🤖 AI Summary
This paper reveals a nontrivial trade-off between the expressive power and generalization performance of Graph Neural Networks (GNNs): when graph labels are determined by structural features, excessive expressivity harms generalization—unless the training set is sufficiently large or training and test graphs are structurally close.
Method: We introduce, for the first time, a family of pre-metrics quantifying structural similarity among graphs, and establish a theoretical framework linking expressivity, structural distance, model complexity, and generalization error—yielding an interpretable, data-dependent generalization upper bound.
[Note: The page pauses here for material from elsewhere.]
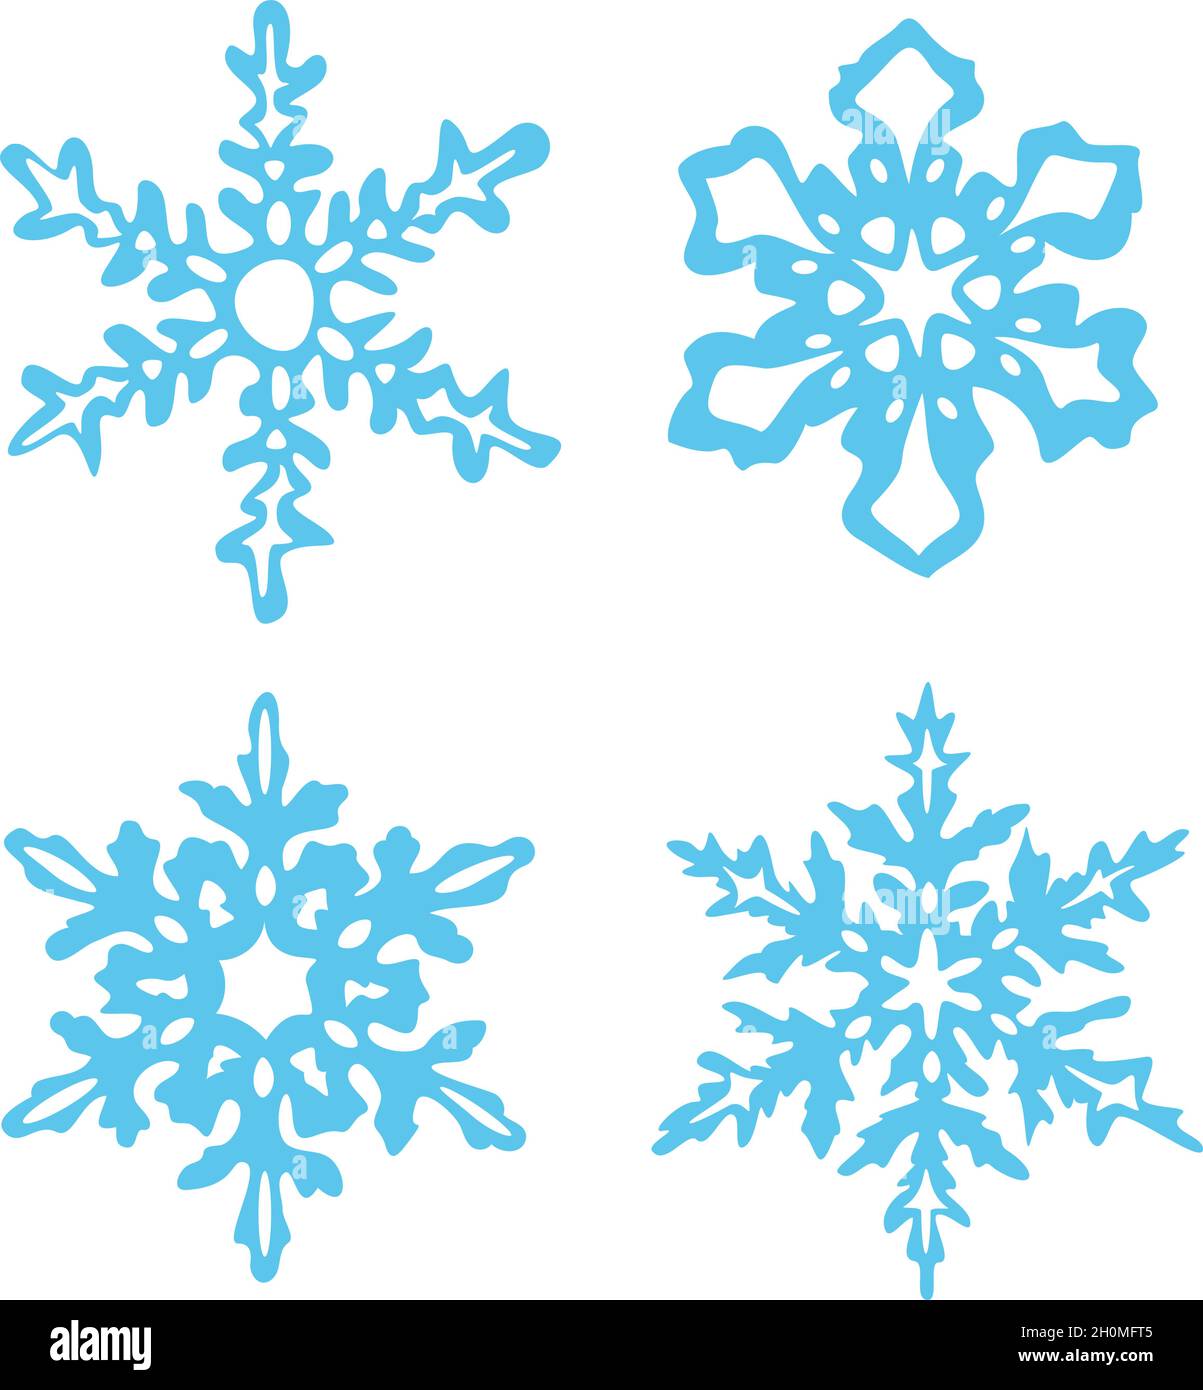 Vektorgrafik mit Sammlung von Schneeflocken. Dekorative Schneeflocken. Isoliert auf weißem Hintergrund. Stock Vektor

Contribution/Results: Our theory precisely characterizes the generalization cost of increased expressivity under structural assumptions. Empirical validation—via structure-aware label modeling and extensive experiments—confirms that overly expressive GNNs indeed degrade performance under limited samples or structural distribution shift. Theoretical predictions align closely with empirical observations, providing both explanatory insight and practical guidance for GNN design.
📝 Abstract
Graph Neural Networks (GNNs) are powerful tools for learning on structured data, yet the relationship between their expressivity and predictive performance remains unclear. We introduce a family of premetrics that capture different degrees of structural similarity between graphs and relate these similarities to generalization, and consequently, the performance of expressive GNNs. By considering a setting where graph labels are correlated with structural features, we derive generalization bounds that depend on the distance between training and test graphs, model complexity, and training set size. These bounds reveal that more expressive GNNs may generalize worse unless their increased complexity is balanced by a sufficiently large training set or reduced distance between training and test graphs. Our findings relate expressivity and generalization, offering theoretical insights supported by empirical results.